Encryption does not stop a malicious or compromised client from sending malicious but valid requests.

The Second Finding: When Encryption Hides Trust Flaws(Server Side Request Forgery)

With request construction under control, the next question was simple:

What does the server actually trust?

In this architecture, the proxy decrypted requests and then acted on client-supplied values — including request destinations.

That was the critical mistake.

Because the proxy trusted encrypted input, it assumed that:

  • If the request was encrypted correctly, it must be legitimate
  • If it came from the SDK, it must be safe

By modifying plaintext request data before encryption, we were able to influence where the proxy sent requests.

The result was a classic server-side request forgery — but through an encrypted channel and a trusted proxy.

SSRF To Access AWS Metadata

This wasn’t a client-side issue.
 The server made the request.
 The proxy executed it.
 Encryption didn’t prevent it.

The Core Lesson: Encryption Is Not a Trust Boundary

This case reinforced a fundamental rule:

Encryption protects confidentiality, not intent.

If a system:

  • Trusts client input
  • Uses encryption as a substitute for validation
  • Assumes SDKs cannot be abused

Then encryption becomes a false sense of security, not a control.

The real vulnerabilities live in:

  • Trust assumptions
  • Server-side enforcement gaps
  • Proxy behavior
  • Architectural decisions
How to Test Encrypted Applications Properly

If you encounter an application that uses client-side encryption, don’t stop.
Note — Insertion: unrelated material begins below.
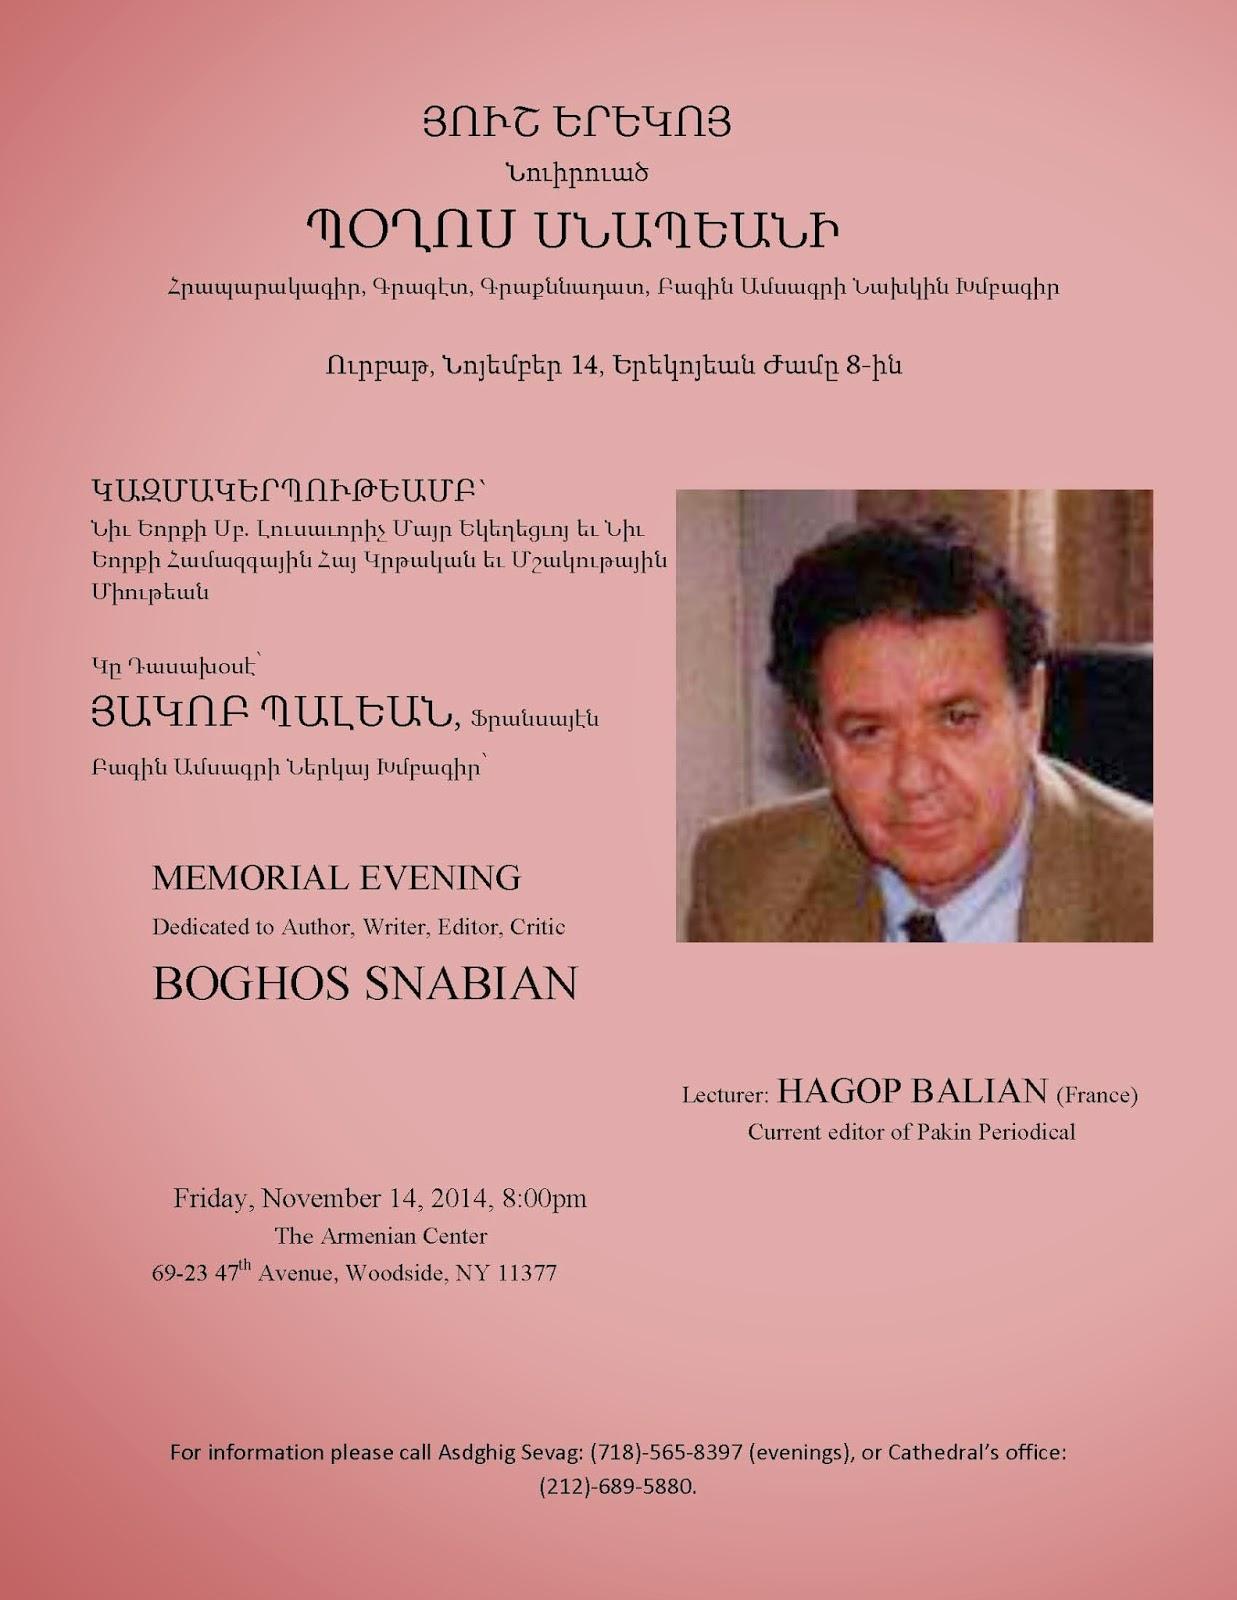 Memorial Program | Armenian Poetry Project Memorial Program Dedicated To Boghos

Change approach.

Here’s what worked consistently:

  1. Map the architecture
  • Client, SDK, proxy, backend
  • Who encrypts? Who decrypts? Who decides?
  1. Identify crypto boundaries
  • Before encryption
  • After decryption
  1. Inspect runtime objects, not packets
  • Requests before encryption
  • Responses after decryption
  1. Test trust, not algorithms
  • URLs
  • Methods
  • Identifiers
  • Destinations
  • Authorization assumptions
  1. Ask one critical question
  • “What happens if the client is malicious?”

If the answer is “the proxy will still trust it,” there’s work to do.

What a Secure Design Actually Looks Like

In a SaaS SDK + proxy model, this means:

  • The proxy must enforce server-side policies
  • Destinations must be validated after decryption
  • Internal and metadata endpoints must be blocked
  • Encryption must never replace validation or authorization
  • Need to enforce/ give guidelines for the clients to have strict Root Detection/SSL Pinning/Frida Detection/Play Integrity checks in Place

Encryption is still valuable — just not sufficient.